SuperSaiyaMan12 said:


> Tobi nor Kurama could kill him, and Minato _willingly_ sacrificed himself.



because he couldn't beat kyuubi


----------



## JPongo (Feb 23, 2012)

nadinkrah said:


> because he couldn't beat kyuubi



That's totally an unfair assessment.

It all started with Kushina on her last gasps regretting most of all not being able to see Naruto grow.

Minato, trying to grant her wish, then started the chain of events to take care of many things.

You guys are so blind to never account for Minato trying to protect the whole village and not just himself.  Transporting the kyuubi and its bijuudama took a huge chunk of his chakra.  He'd never need to do that if it was 1v1.

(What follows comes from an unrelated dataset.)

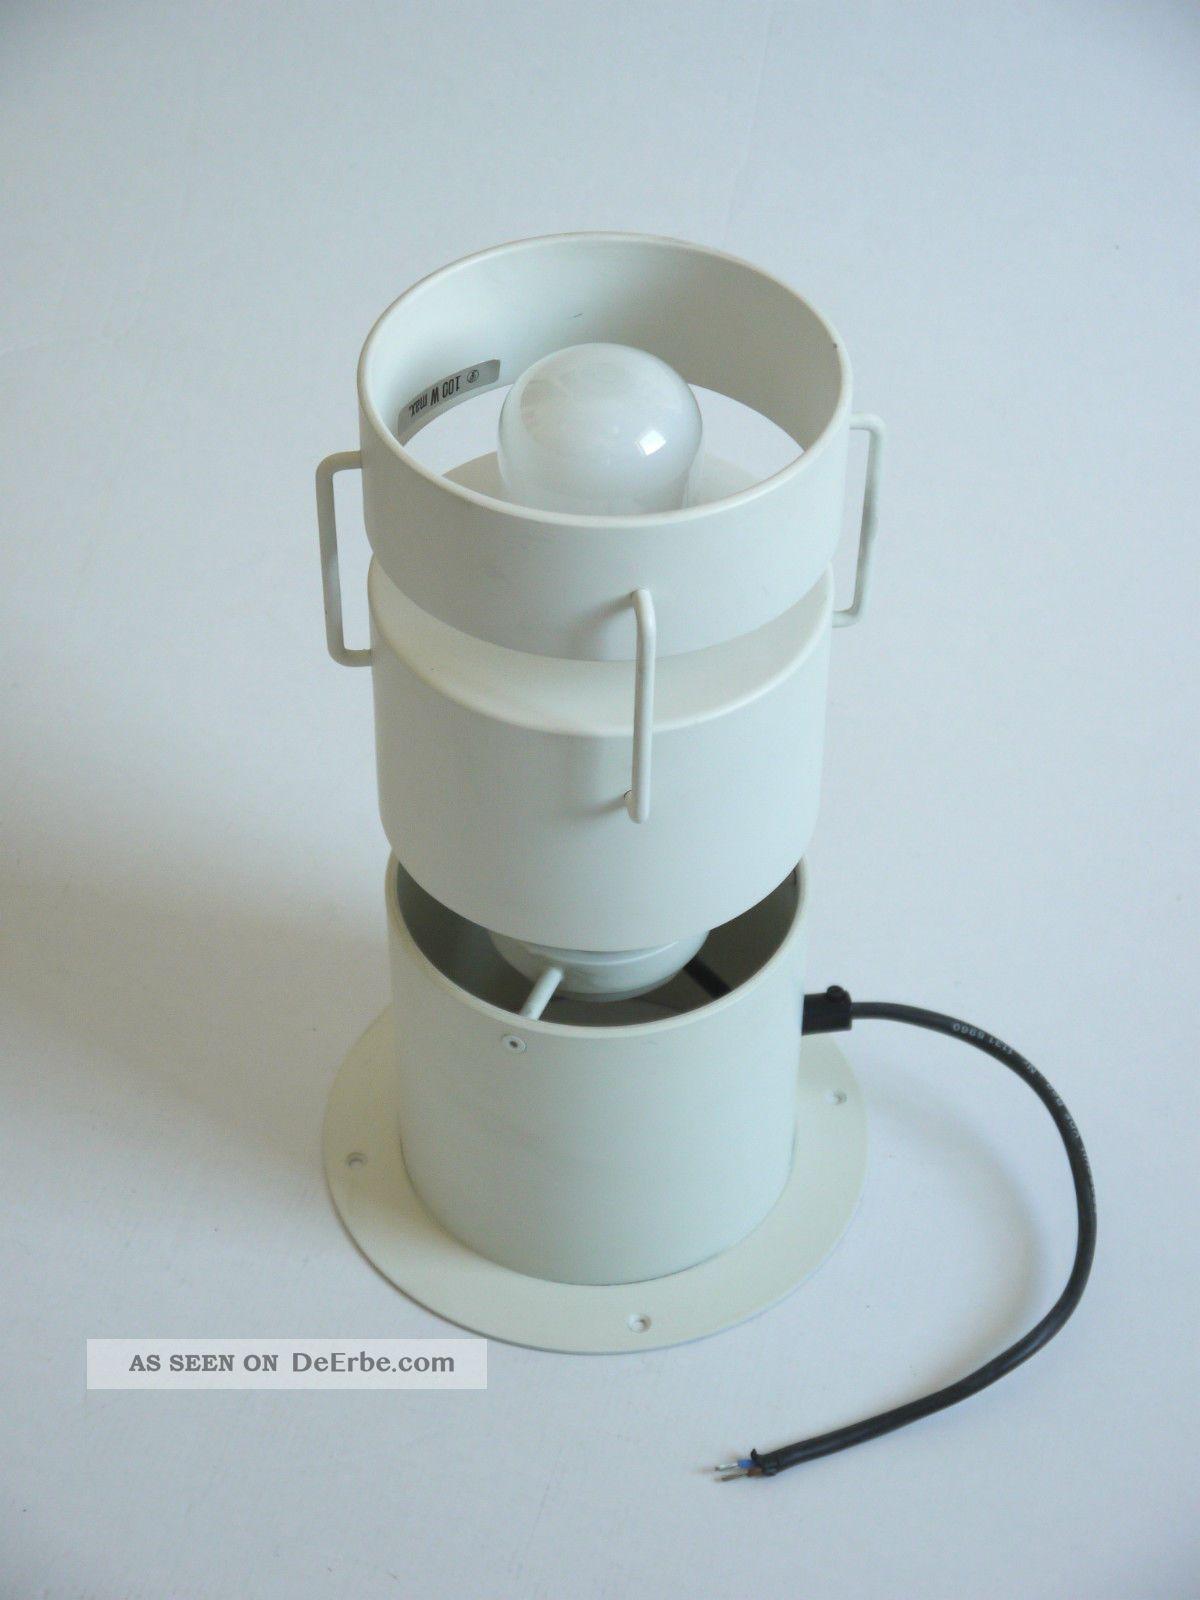 1v 3 louis poulsen lamp 80s danish design lampe loft for Eames lampe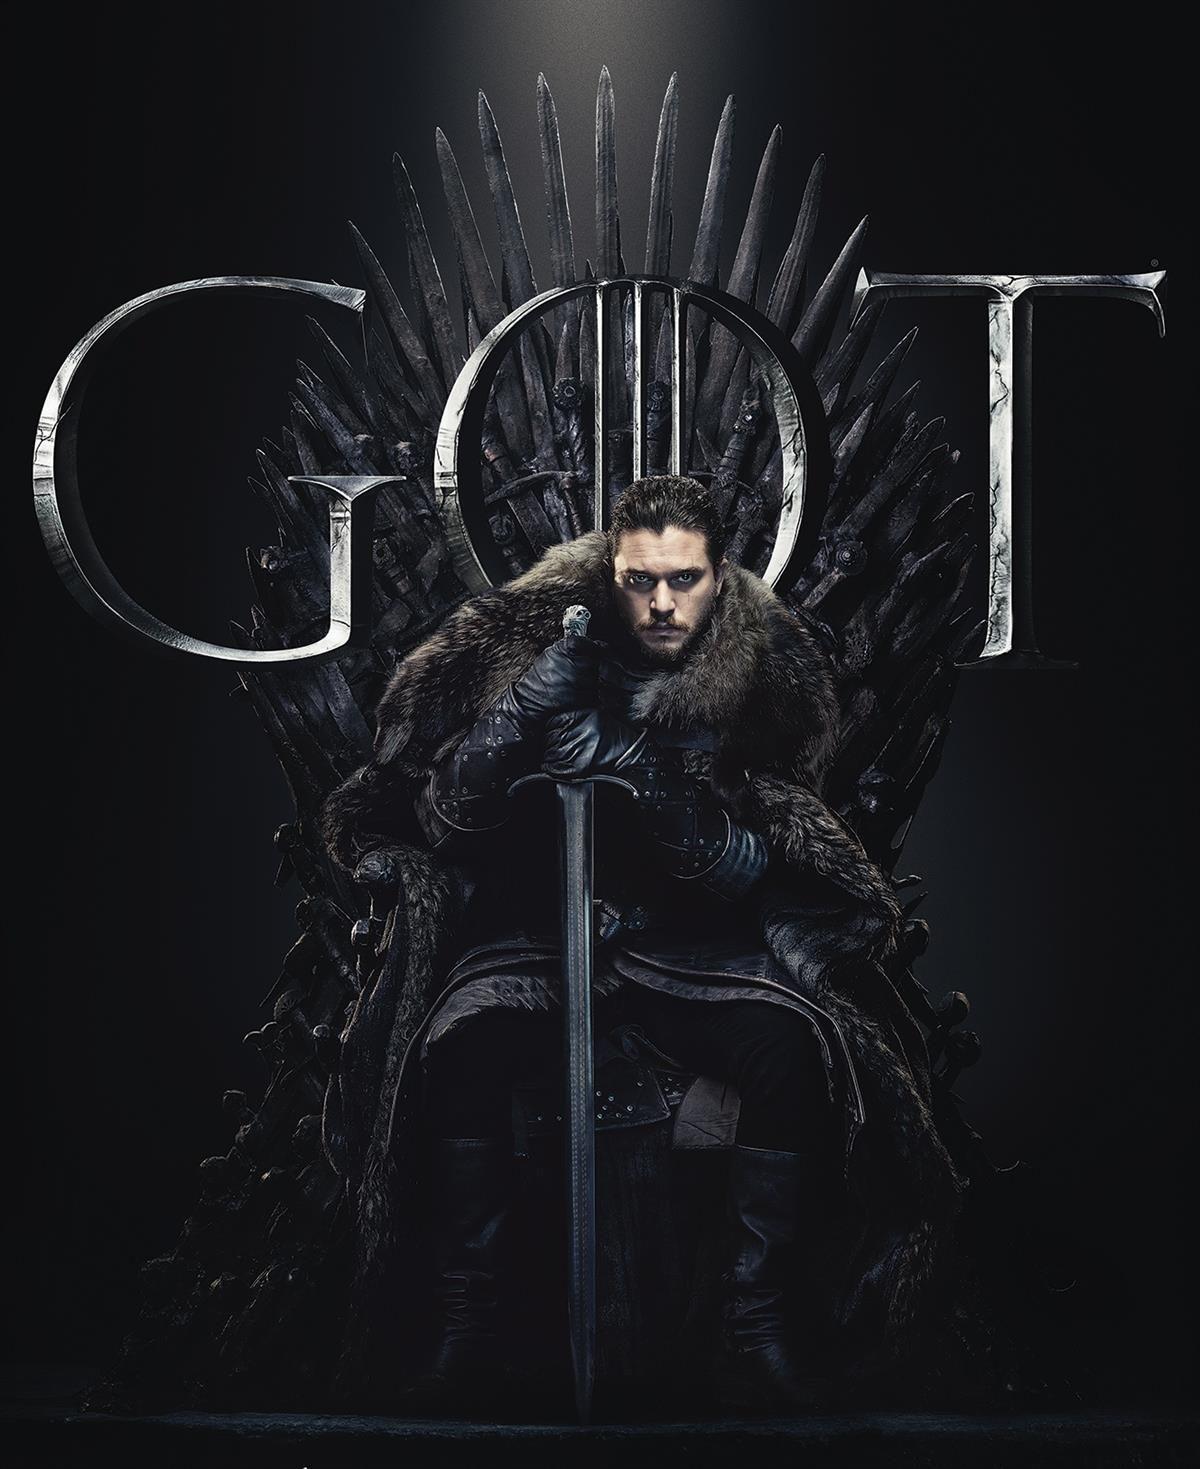 Game Of Thrones Season 8 Jon Snow Poster Game Of Thrones Poster

Minato 1v1 is a nightmare for anyone!

Hashi never had to worry about protecting the village since he fought at VotE.

Losers, lol.


----------



## Elite Uchiha (Feb 23, 2012)

Wait, people think Minato had no choice but to kill himself now ...


----------



## T-Bag (Feb 23, 2012)

JPongo said:


> Hashi never had to worry about protecting the village since he fought at VotE.
> 
> Losers, lol.



he attacked the hidden leaf village for revenge (as far as the offiical story goes) kages dont fight unless their village/citizens are in trouble. they sit down and sign papers. furthermore when tobi attacked the village, the caption says "hidden leaf village senses the kyuubi's *return*"

obv the village was attacked, that's how it all started, that's how hashirama, the hokage of the village was dragged in.


----------



## Stormcloak (Feb 23, 2012)

agreed, he's stronger


----------



## Grendel (Feb 23, 2012)

This chapter says nothing about who is stronger between the two as minato wasn't even) included in the statement made by kabuto....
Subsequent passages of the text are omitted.